Врач говорила, что в таком состоянии редко выживают, но малая надежда была. «Если б, — сказала, — лекарство (хитрое название, я не упомнила), тогда, может, и помогло бы».
Вот такая, милок Юра, беда — горше не выдумать.
Из деревенских новостей какие: похоронки стали приходить на парней, которых брали на войну в прошлом годе. Устал народ от войны, кончайте ее поскорее. Из добрых вестей — та, что объявился Ванюшка Феоктистов, мой внучатый племяш, он еще, помнишь, с тобой задирался, Клаву защищал, думал, ты ее обидеть хочешь. Он в разведку ходил и без вести пропал, а потом, раненный, выполз. Медаль получил — «За отвагу».
Ты нам теперь заместо родного. Кланюшка тебя выбрала, значит, ты хороший, верный человек. С послевойны приезжай или с войны, если отпуск начальство даст.
С приветом — бабушка Мария Феоктистова.
Извини, милок Юра, что коряво да нескладно написала. Желаем тебе живым-здоровым кончить войну. Ждем ответа каждую минутку и часок».
Никому не сказал я о письме, маме не написал: я же ей о Клаве словом не обмолвился. Все снес в себе.
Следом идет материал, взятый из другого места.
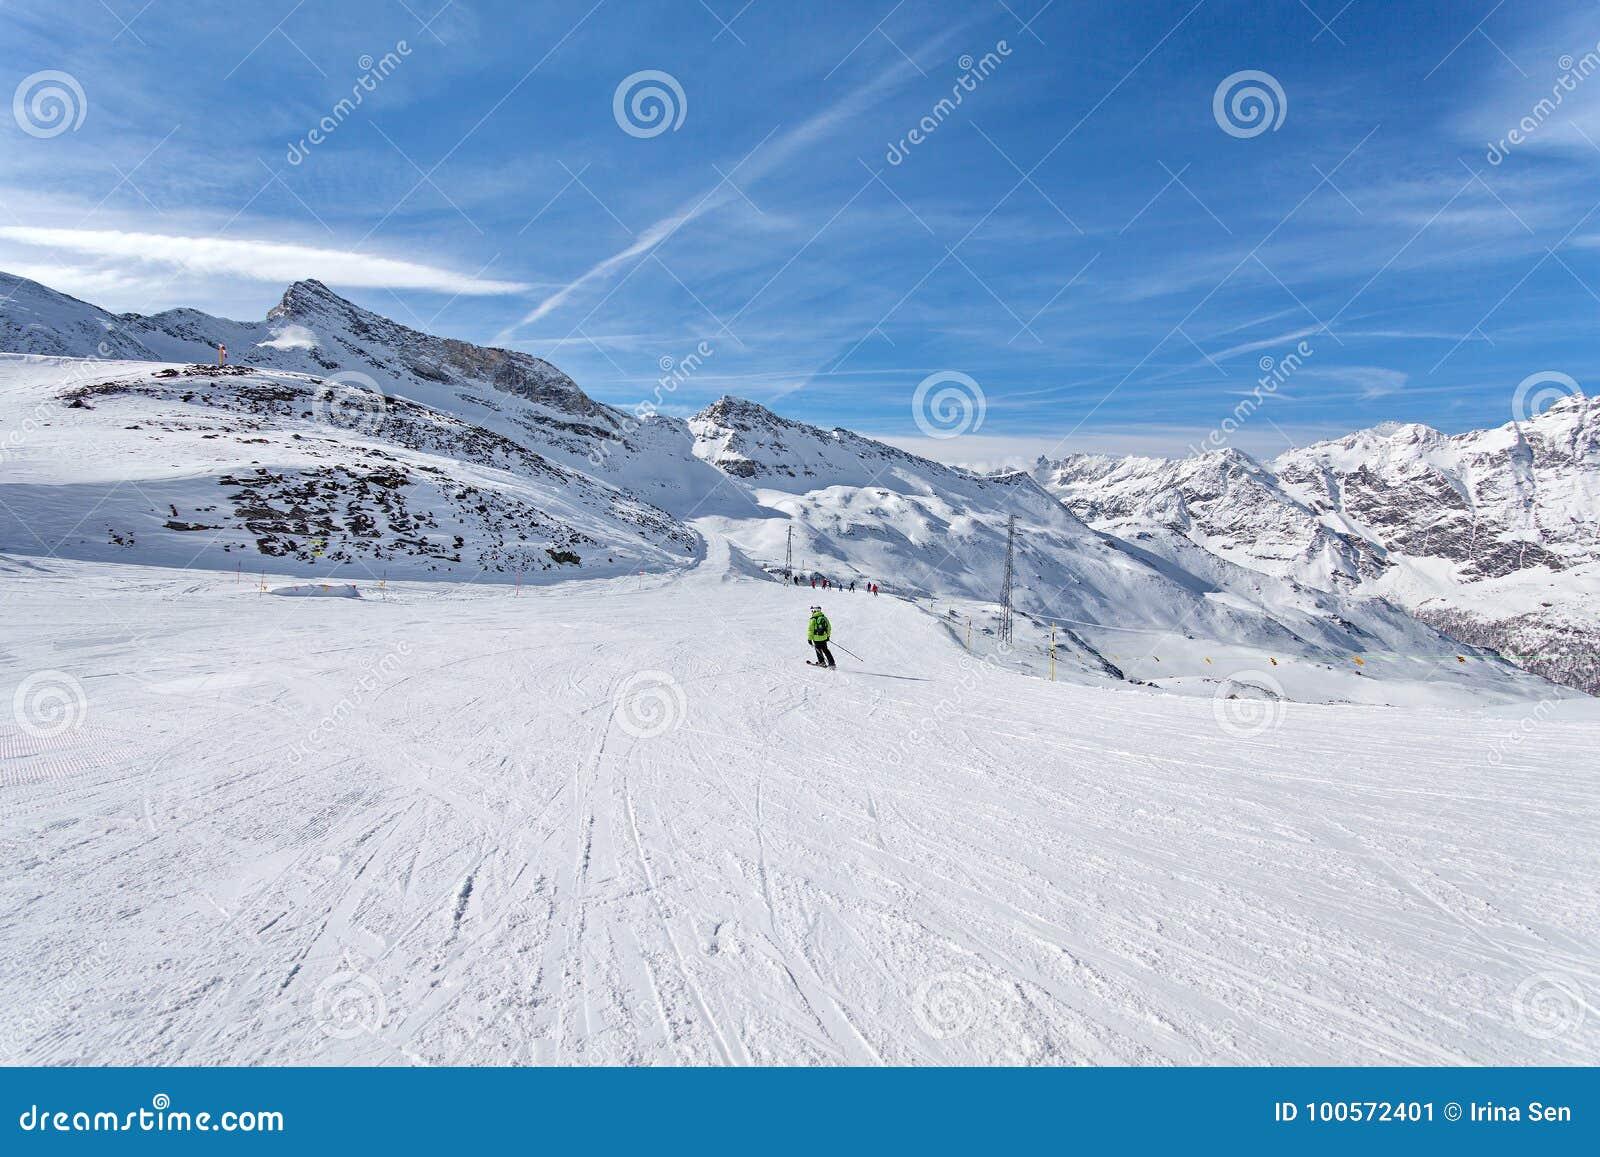 Cervinia Ski Holidays | Book Skiing Holidays in Cervinia

Дивизия идет навстречу последним боям в Курляндию, где бессмысленно сопротивляется прижатый к морю враг.
Наступаем мы медленно: неприятель наносит ответные удары. Накануне юбилея Советской Армии — 23 февраля 1945 года — один из наших батальонов контратакой был отрезан от полка, занял круговую оборону и отбивался. Прервалась связь — кончилось питание у рации. Последняя передача составила просьбу комбата помочь боеприпасами: патроны и гранаты на исходе. О еде не упомянул, хотя все знали: там съели и НЗ.
Около полуночи вызывают к командиру полка. Быстро собираюсь, и мы с посыльным бежим. Ни огонька на хуторе, окна и двери зашторены плащ-палатками. Часовые негромко спрашивают пароль, бормочут отзыв и пропускают в дом. В комнате ярко светят керосиновые лампы. Комполка майор Яворов — пожилой, краснознаменец еще с гражданской, и начштаба капитан Несытов — парень лишь чуть постарше меня, поднимают головы от карты. Утомленные лица. Докладываю, что лейтенант такой-то по вызову прибыл.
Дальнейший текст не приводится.